Among the most surprising aspects of the decision was the vitality of John Doe’s claim for breach of contract. The court held that the student handbook constitutes a contract, and the school is bound to honor the promises it creates. Among the most explosive aspects of the decision: the court held that the school’s attempt to comply with the “Dear Colleague” letter can be a breach of contract:

Doe first alleges that Brown failed to conduct a pre-charge investigation of Jane Doe’s complaint prior to directing Plaintiff’s immediate removal from campus. (Pl.’s Opp’n 26, 28, ECF No. 15.) Doe alleges [37] this to be a violation of the statement in Brown’s Code that “[s]tudents and student organizations charged with offenses” have the “right[] . . . [t]o be assumed not responsible of any alleged violations unless she/he is so found through the appropriate student conduct hearing.” (Ex. A to Compl. at 7, ECF No. 1-1.)

Brown counters that “[n]owhere is there any such restriction imposed upon Brown regarding interim measures during an investigation and a disciplinary process. In fact, the OCR in its Dear Colleague letter specifically mandates that a university may invoke interim measures as part of its Title IX response to sexual harassment allegations.” (Def.’s Reply 15, ECF No. 17.) However, the Code also states that “[a]ll members of the Brown University Community are entitled to . . . the right to attend, make use of or enjoy the facilities and functions of the University subject to prescribed rules.” (Ex. A to Compl. at 3, ECF No. 1-1.) The question here is not whether Brown was following the OCR’s guidance; it is whether Brown’s actions violated the reasonable expectations of a student based on its Code. The Court finds that, taking Doe’s allegations as true, Brown’s decision to ban him from campus prior to conducting an investigation states a plausible claim for a breach of the rights outlined in the Code to be assumed not responsible until proven otherwise, and to enjoy use of Brown’s facilities.

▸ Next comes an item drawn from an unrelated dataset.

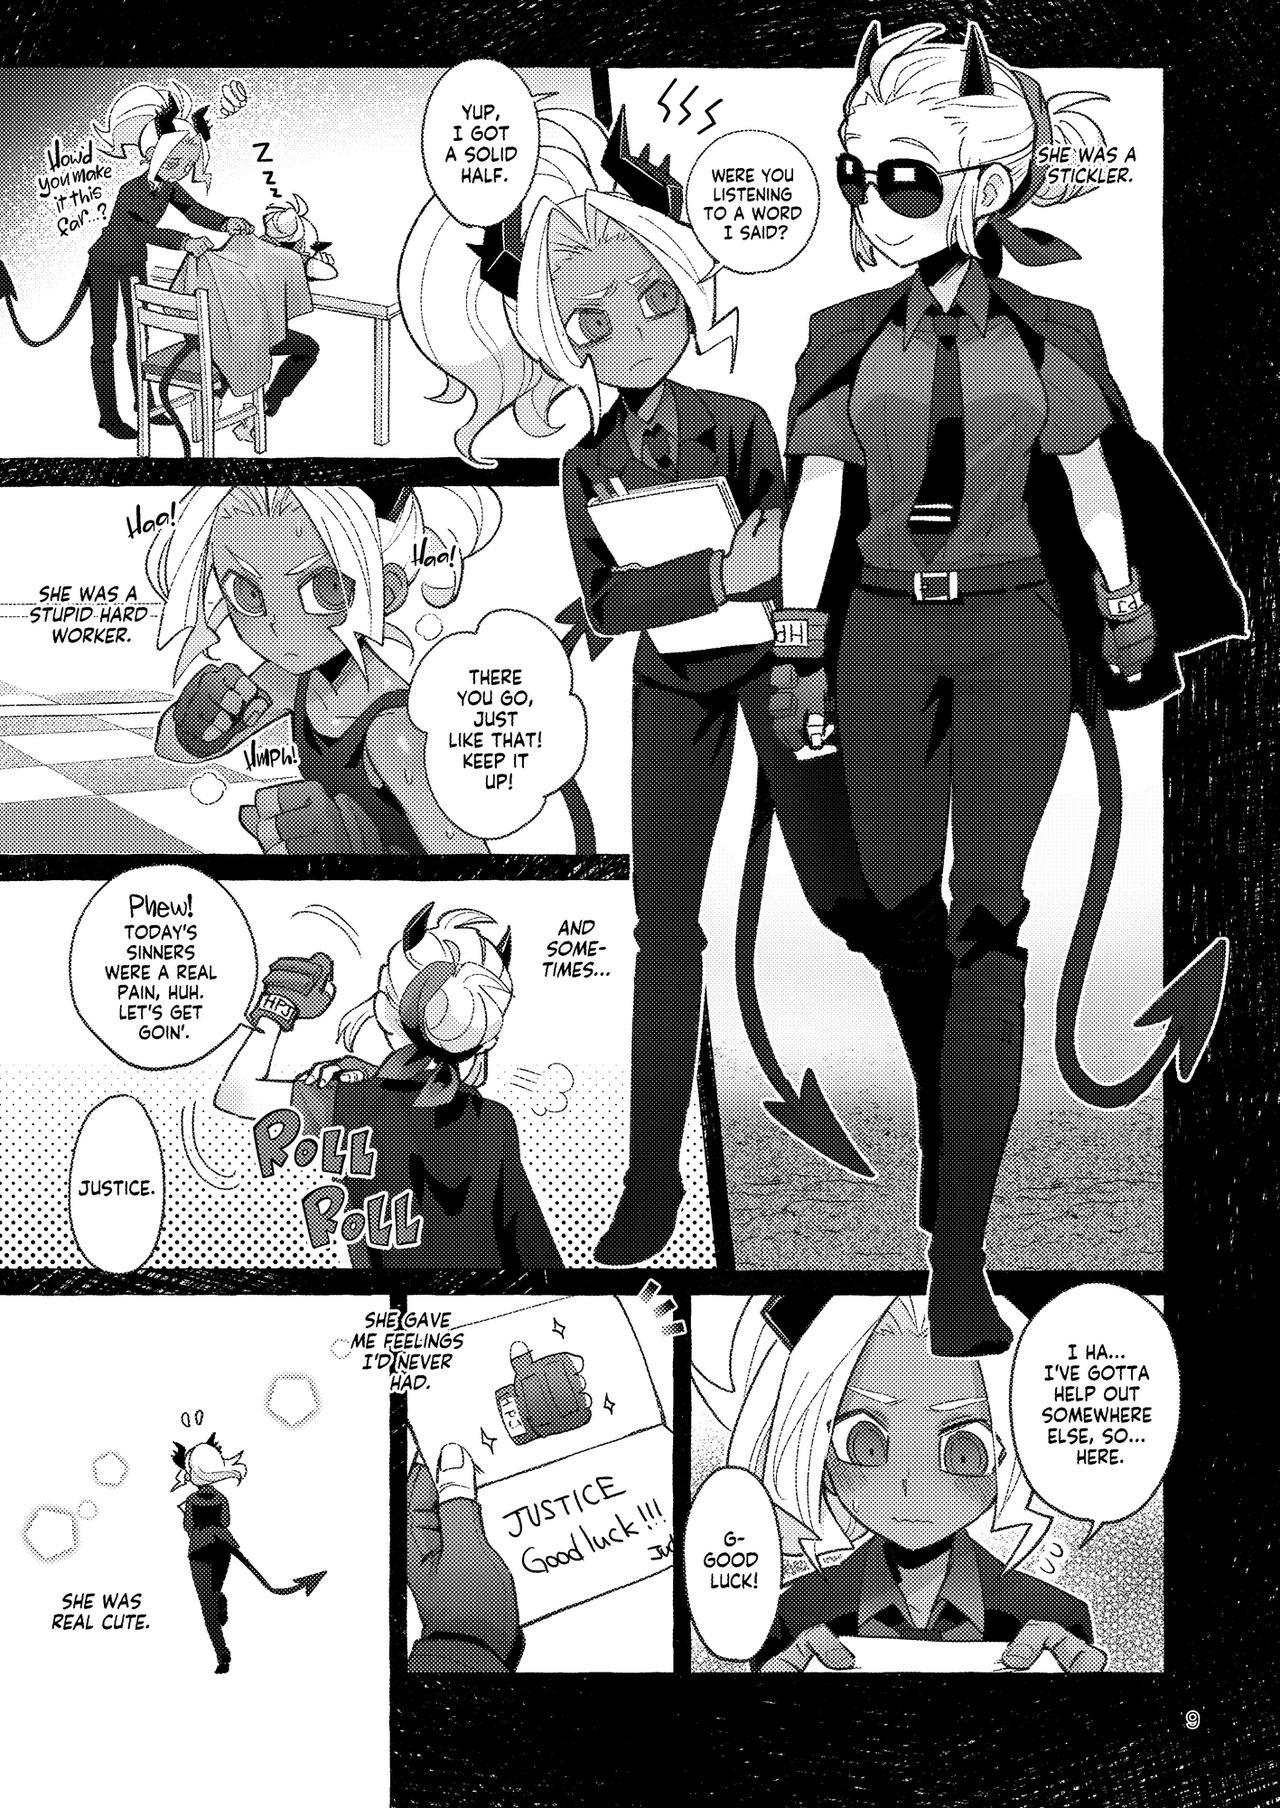 Awesome tint+℃ - Helltaker Adolescente - Page 8

In addition, and also very important, the school’s conduct restricting John Doe from presenting his case may also be a breach of contract:

Doe next alleges that Brown failed to allow him “an opportunity to offer a relevant response” to the evidence against him, as required by the Code. (Pl.’s Opp’n 27, 29, ECF No. 15; see Ex. A to Compl. at 7, ECF No. 1-1.) Specifically, Doe contends that Brown:

improperly redact[ed] relevant information from Plaintiff’s evidence, assembl[ed] Plaintiff’s text messages out of order and out of context, exclude[ed] the majority of Plaintiff’s character witness statements that spoke to his credibility, disallow[ed] Plaintiff from making a full “midpoint” statement, in violation of the Opening and Questioning Timeline, and refus[ed] to consider the Facebook photos showing lack of any “bruising” on Jane Doe based on baseless privacy concerns.

(Pl.’s Opp’n 29, ECF No. 15.) Although the term “relevant” is vague and undefined, the Court finds that Plaintiff has – at the motion to dismiss stage – presented sufficient allegations to state a claim that he was prevented from presenting a “relevant” response. In particular, the fact that Plaintiff was prevented from making his “midpoint” statement may be a violation of the Code, depending on what the facts show.

All in all, this is among the best decisions to date handed down for presumptively innocent college students accused of sexual assault. It ought to send shockwaves through the rarefied halls of academia.